25. Sob esse prisma, a remessa necessária nos casos de ações coletivas baseadas na Lei nº 7347/85 e Lei nº 4.717/65 não decorre da condenação da Fazenda Pública, como prevê o art. 496 do CPC/2015, mas, sim, com fundamento no direito coletivo previsto em tais normas sobre tutela coletiva, ressalvados os litígios que versem exclusivamente sobre direitos individuais homogêneos. Precedente: STJ, 3ª Turma, AgInt no REsp 1690987, Rel. Min. MARCO AURÉLIO BELLIZZE, DJE 30.8.2018.

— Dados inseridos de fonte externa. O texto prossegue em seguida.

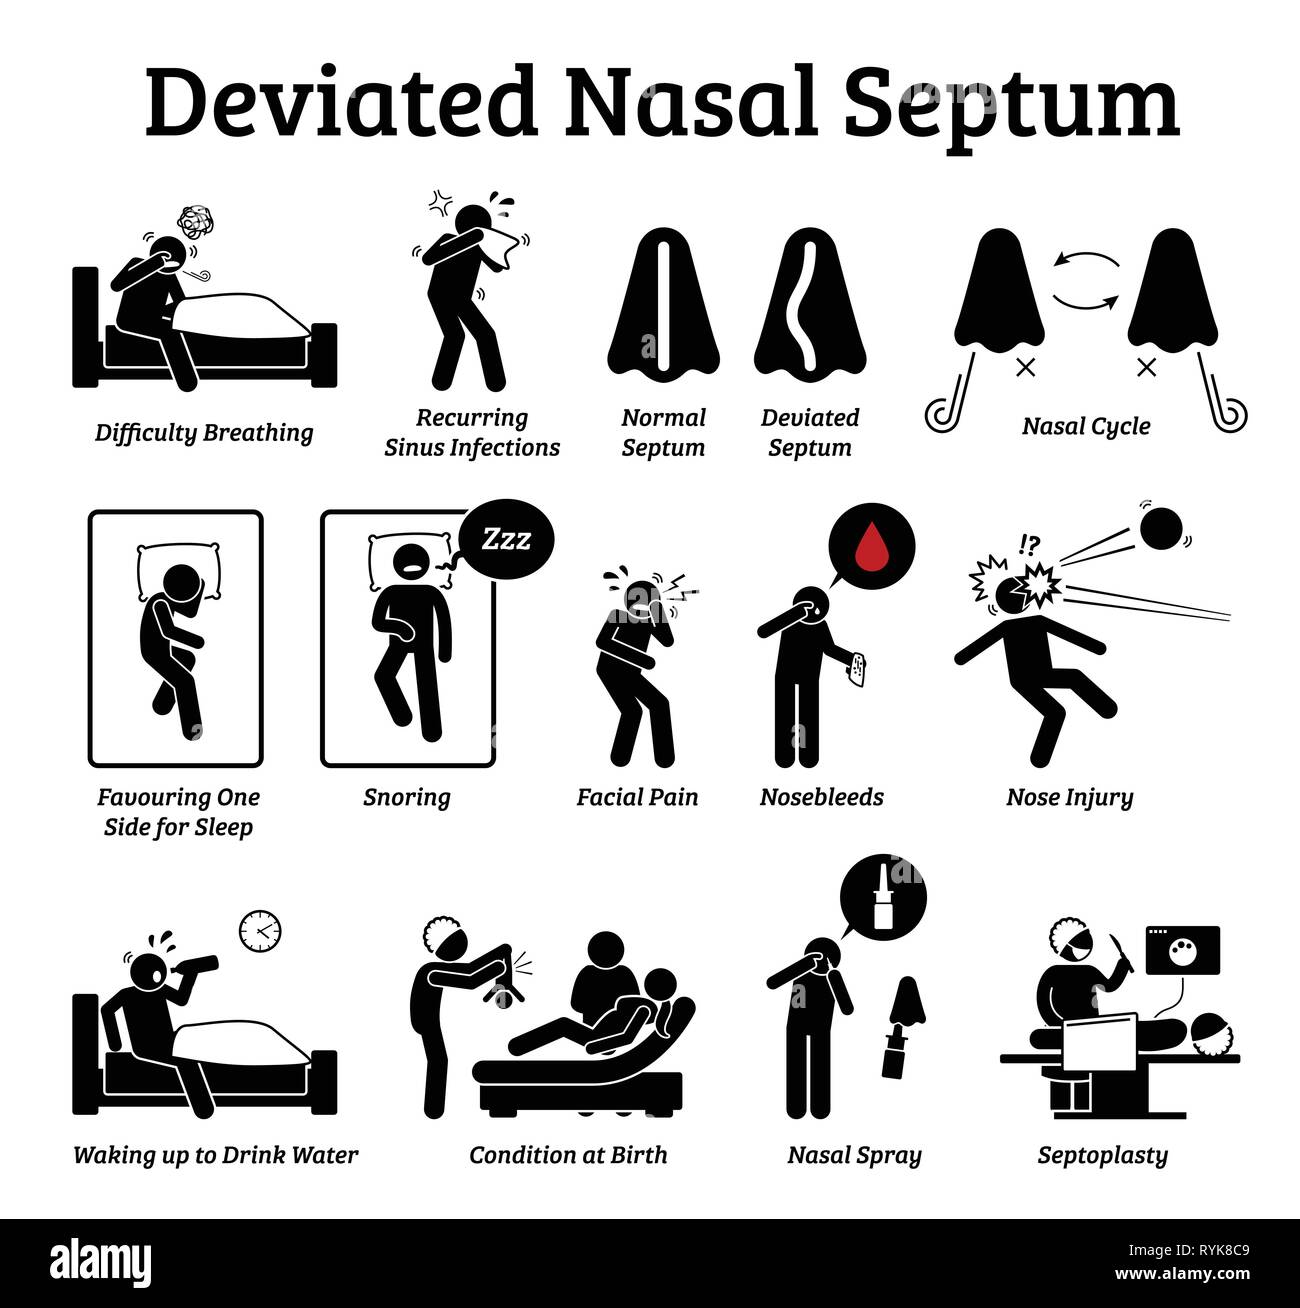 Deviated nasal septum icons. Illustrations depict signs and symptoms of nose problem. Difficulty breathing, sinus infection, snoring, and facial pain. Stock Vector

26. Diante disso, considerando que o entendimento é no sentido de total improcedência dos pedidos formulados na ação rescisória, impõe-se negar provimento à remessa necessária.
27. Em conclusão, os embargos de declaração devem ser providos, com efeitos infringentes, para negar provimento à remessa necessária e dar provimento ao recurso do BNDES para, reformando a sentença, julgar improcedentes os pedidos autorais.
28. Embargos de declaração providos, com efeitos infringentes.
ACÓRDÃO
Vistos e relatados estes autos em que são partes as acima indicadas, a Egrégia 5ª Turma Especializada do Tribunal Regional Federal da 2ª Região decidiu, por unanimidade, DAR PROVIMENTO AOS EMBARGOS DE DECLARAÇÃO, COM EFEITOS INFRINGENTES, nos termos do relatório, votos e notas de julgamento que ficam fazendo parte integrante do presente julgado.
Rio de Janeiro, 30 de junho de 2025.